Factor Length Significance Analysis
Introduction
Factor length significance analysis is a statistical method to distinguish meaningful (signal) factors from noise in genomic LZSS factorizations. By comparing factorization results from a real genome with results from a shuffled version of the same genome, we can determine the minimal factor length threshold at which factors are confidently considered non-random.
Why is this important?
In genomic analysis, not all LZSS factors represent biologically meaningful repetitive structures. Short factors may arise simply by chance, while longer factors are more likely to represent true biological repeats, conserved regions, or other significant genomic features.

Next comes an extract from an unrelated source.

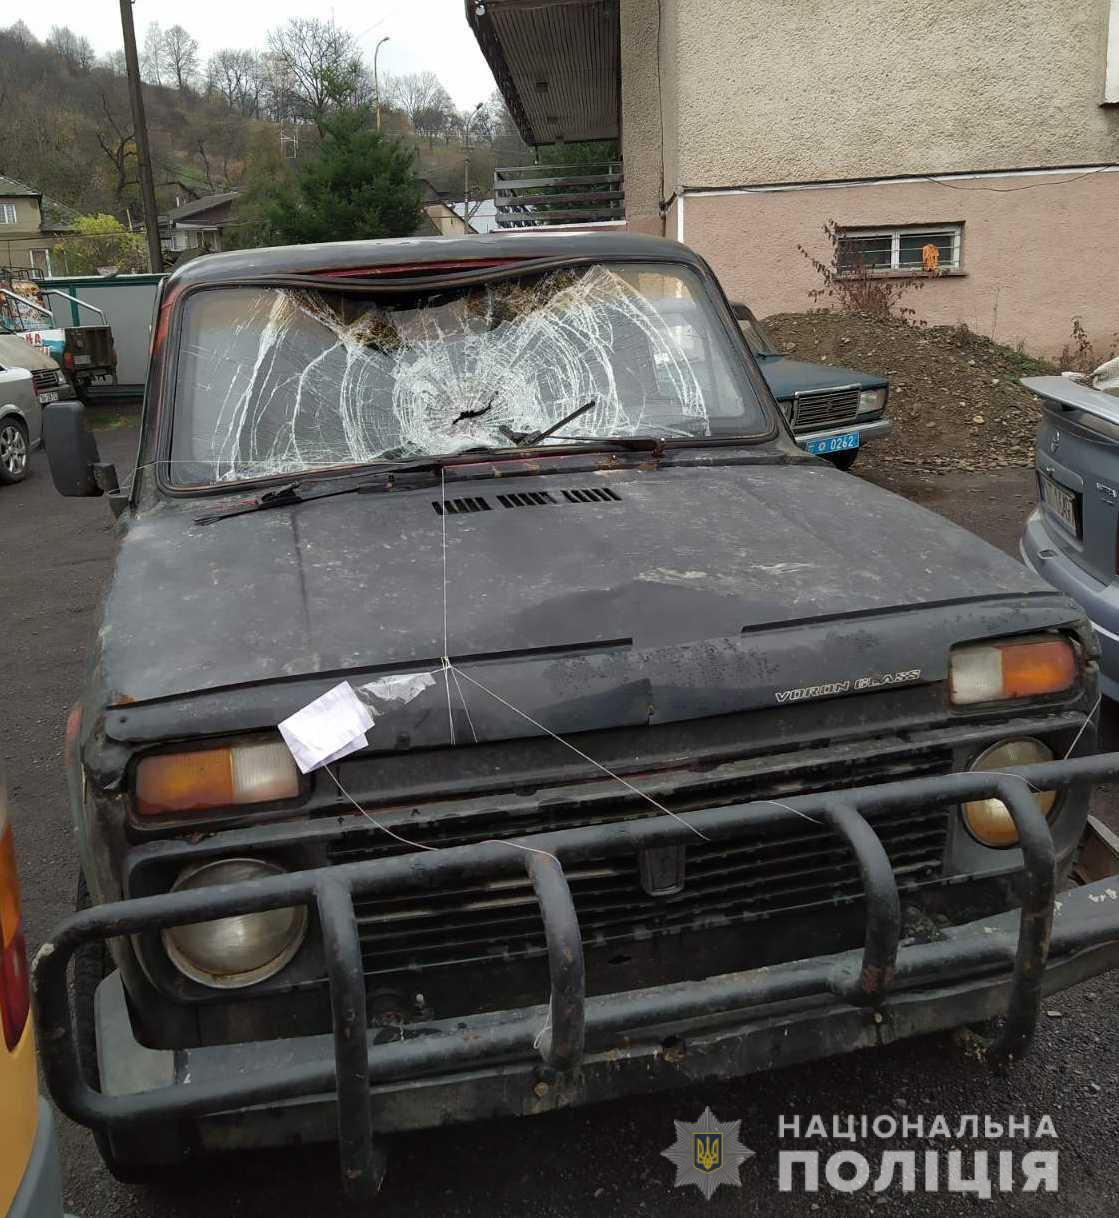 У Дубриничах, на Переченщині водій ВАЗу збив односельця й, перелякавшись, утік (ФОТО)

This analysis provides a principled, statistically-grounded way to separate signal from noise.
Key Concepts
Real Genome: The original, unmodified genome sequence
Shuffled Genome: A randomized version that preserves nucleotide composition but destroys biological structure
Factor Length: The length of each non-overlapping LZSS factor
Significance Threshold (L*): The minimum factor length at which factors are confidently non-random
Rarity Score: Per-factor probability of observing that length in the shuffled genome
Statistical Methodology
Clopper-Pearson Confidence Bounds
The analysis uses Clopper-Pearson confidence intervals to establish conservative upper bounds on the probability of observing factors of a given length in shuffled data. This is a robust method for binomial proportions that provides exact coverage probabilities.

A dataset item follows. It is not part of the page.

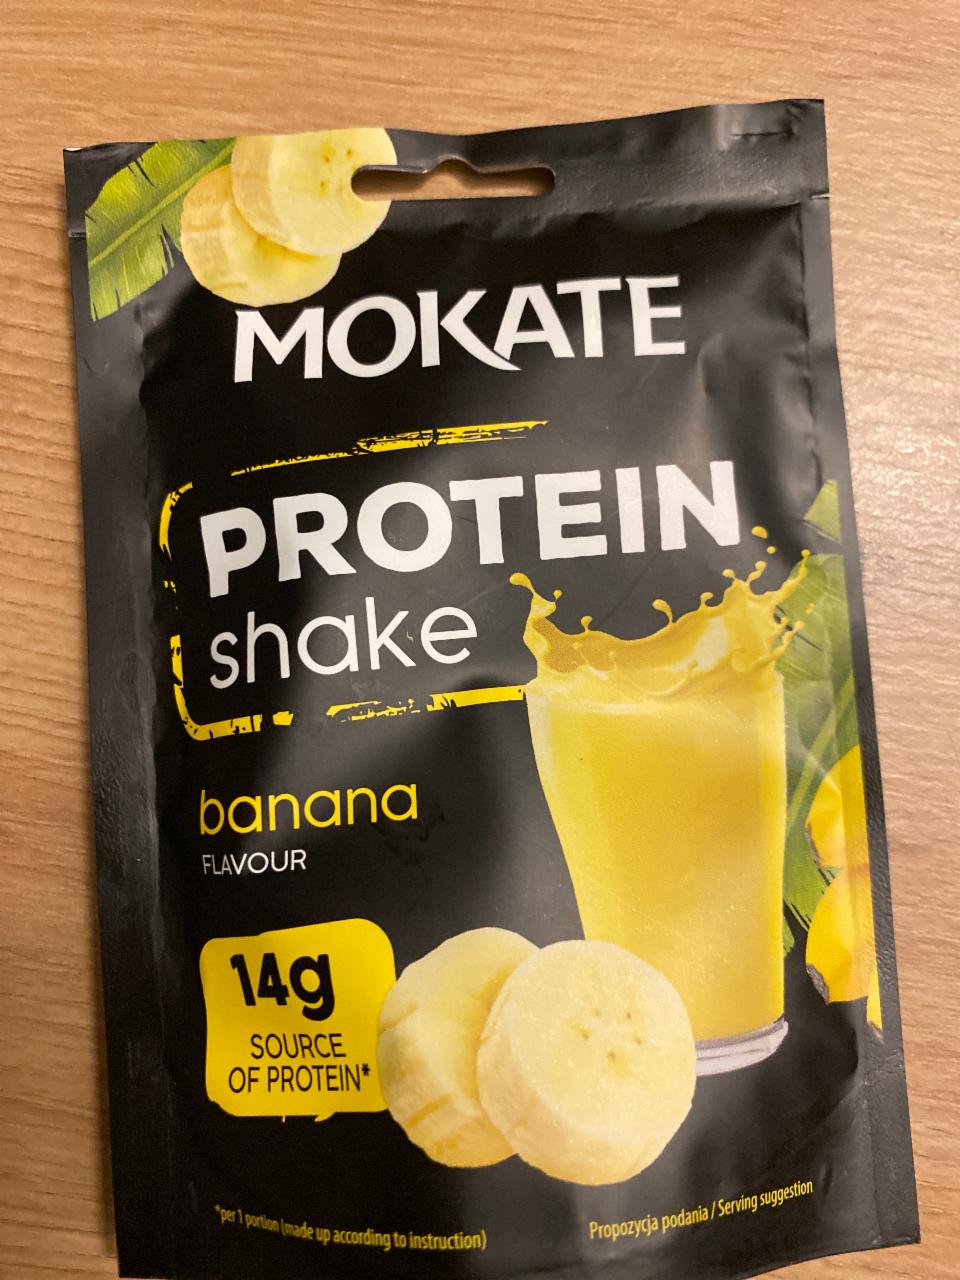 Fotografie - Protein shake Banana flavour Mokate

For k factors of length ≥ L out of n total factors in the shuffled genome:
We compute the empirical tail probability: S₀(L) = k/n
We compute a conservative upper bound: S₀ᵁ(L) using Clopper-Pearson
The Clopper-Pearson upper bound is the (1-α) quantile of the Beta(k+1, n-k) distribution.
Threshold Selection
Given N factors in the real genome and a desired false positive threshold τ:
For each unique length L in the shuffled data, compute expected false positives: E[FP] = N × S₀ᵁ(L)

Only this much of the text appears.